Two more insurers are set to stop renewing homeowner policies in California despite a recent rate hike approval.
According to recent filings with the state’s Department of Insurance, Tokio Marine America Insurance Co. and Trans Pacific Insurance Co. will not be renewing homeowner and personal umbrella policies within the state, totaling about $11.3 million in homeowner premiums and another $400,000 for personal umbrella policies.
In 2022, Tokio had the 18th highest market share in California for property and casualty insurance, or 1.45 percent, and Trans Pacific wasn’t listed. A request for updated figures wasn’t immediately returned by the Insurance Department.
In total, around 12,556 homeowner policies will be impacted and 2,732 personal umbrella policies, according to the filing, with non-renewal notices being sent out as early as July 2024, effective July 2025.
The filings gave no reason for the change. Neither insurer has returned requests for comment.
In March, California’s largest provider of homeowner and casualty property insurance, State Farm, announced it would not renew about 72,000 policies for California homes and apartments, including many in affluent Los Angeles County cities such as . Pacific Palisades, Bel-Air and Brentwood.
The company announced it would stop offering commercial apartment policies altogether, which would affect 42,000 apartment owners.
The insurer raised rates in January by 20 percent per homeowner for renewals.
Because of recent disasters that have drained insurance companies of their reserves, many have withdrawn from the California market.
Some insurers have said the move will help ensure existing policyholders’ claims can be covered by maintaining “adequate claims-paying capacity,” which is also required by law.
Since May 2023, State Farm has ceased accepting new business, personal property, and casualty insurance policies, according to a statement issued at the time.
Others such as Allstate, Farmers Insurance, The Hartford and more have announced similar moves beginning last year.
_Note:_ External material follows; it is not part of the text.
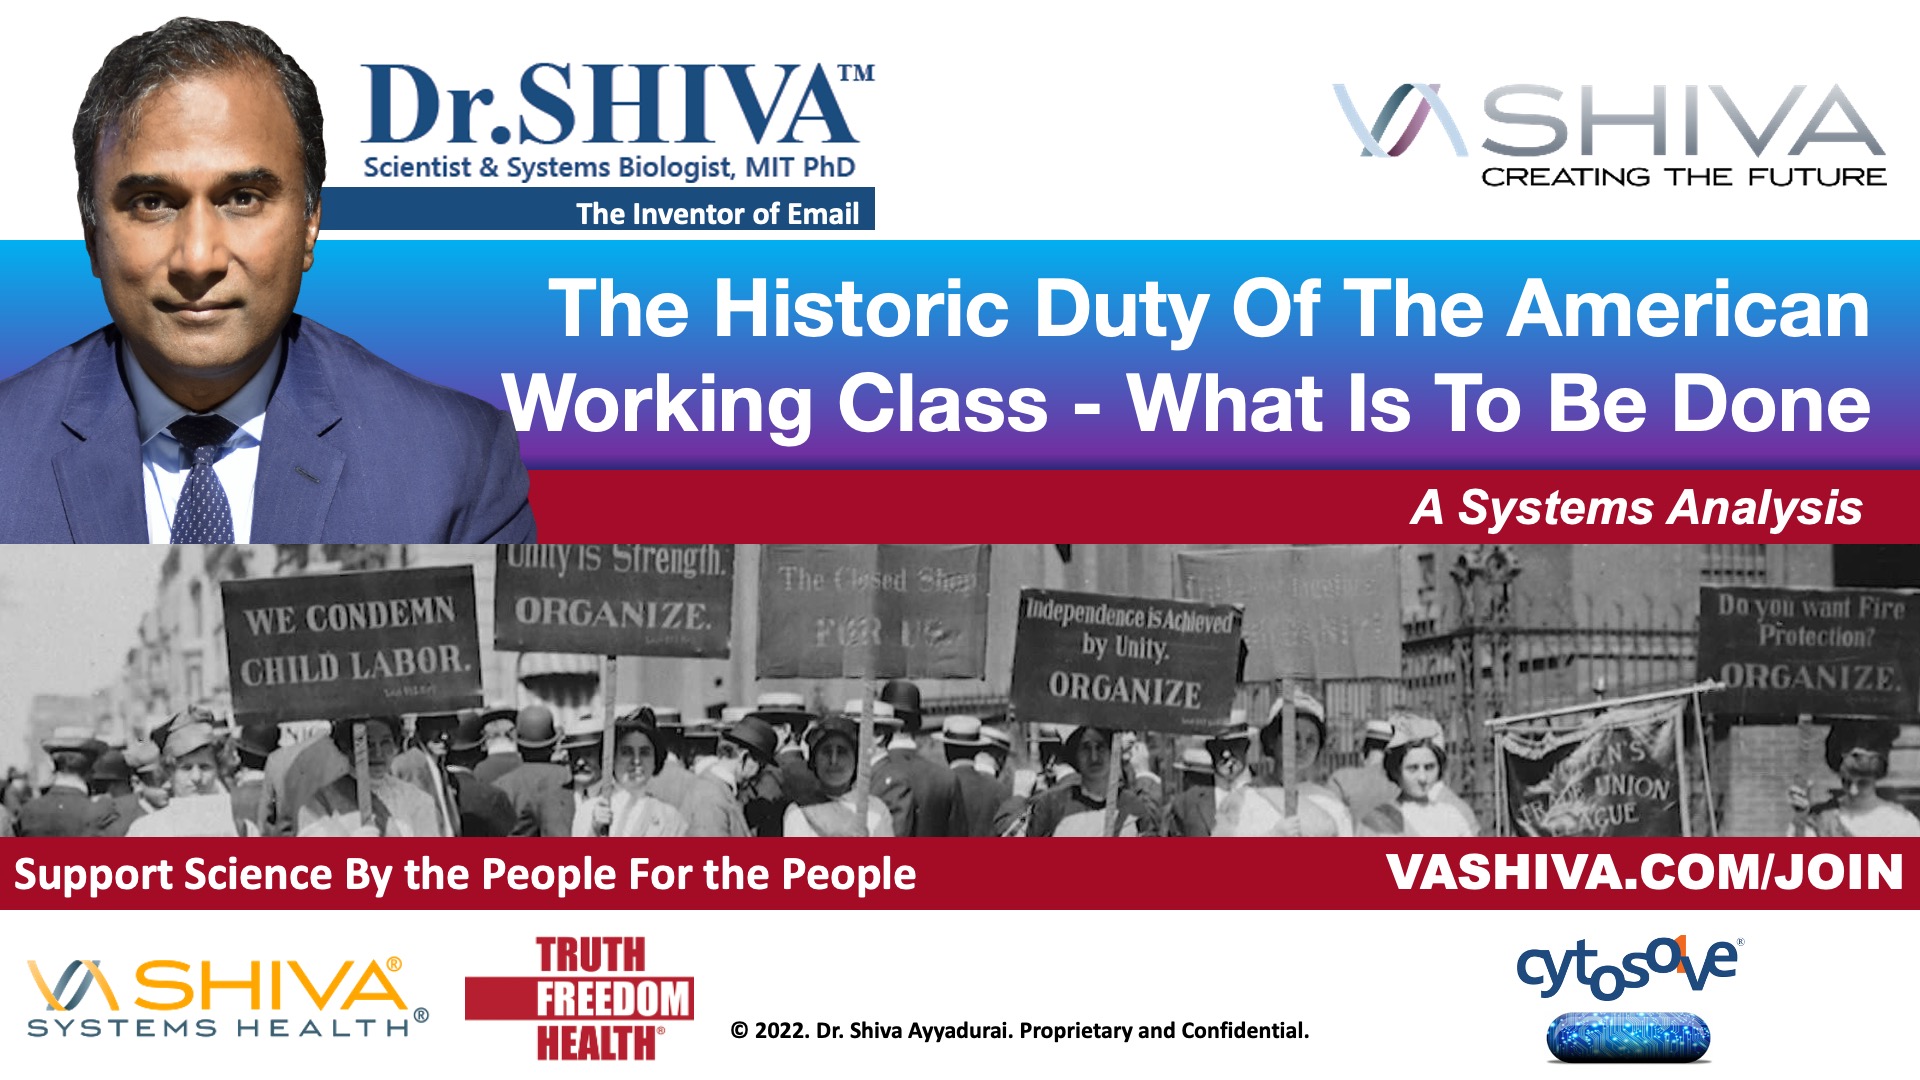 Dr.SHIVA LIVE: The Historic Duty Of The American Working Class - What Is To Be Done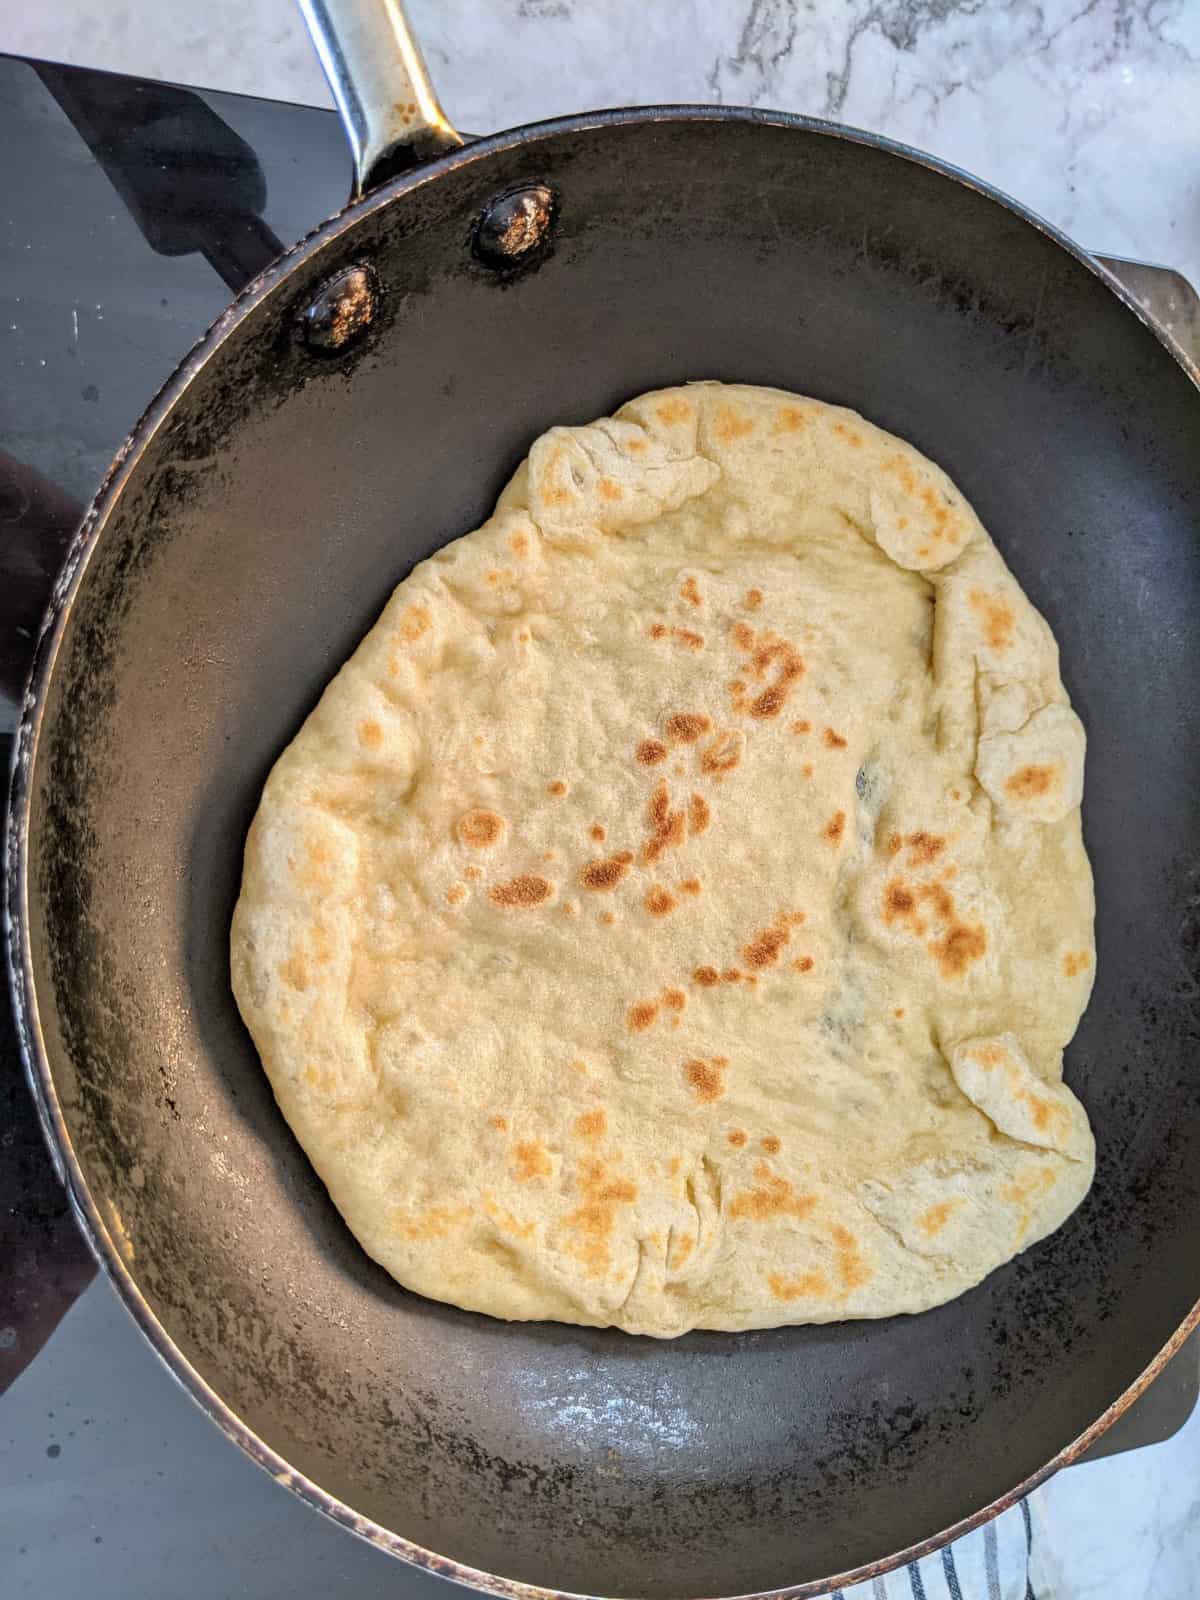 Pita bread on pan with one side already cooked.

In September 2023, Farmers Direct Property and Casualty Insurance withdrew its certificate of authority to offer insurance in California, impacting 58,000 auto and nearly 20,000 home policies, leaving residents with the state’s last resort insurance, the FAIR Plan.
As more insurers stop or pause taking on policies in California, The FAIR Plan, which provides basic coverage when other insurers aren’t available but charges a high premium for it, can’t keep up with the number of new policies it’s taking on.
The FAIR Plan Association saw a record number of new policies in February, officials for the plan said during a March 13 Assembly Insurance Committee meeting.
The plan now insures about 373,000 properties, adding 15,000 in February alone—the most ever—with the plan doubling in size since September 2019, officials said during the meeting.
Officials for the plan say it has too much exposure and could not cover damages in the event of a natural disaster. If one were to happen, a large assessment on other insurers would be needed—raising rates for everyone—FAIR Plan President Victoria Roach told lawmakers during the meeting.
In a September 2023 statement, California Insurance Commissioner Ricardo Lara announced new rules for the industry, to be implemented by the end of 2024, which require insurers to write at least 85 percent of their policies in high-wildfire-risk and “underserved” communities as part of what the state is calling its California Sustainable Insurance Strategy, which aims to expand insurance options in the state.
He also announced a new regulation on March 14 that would ease a restriction on insurers that prevents them from using forward-thinking models to set rates. In 1988, California passed a measure that required insurers to use data based on the past 20 years to set rates.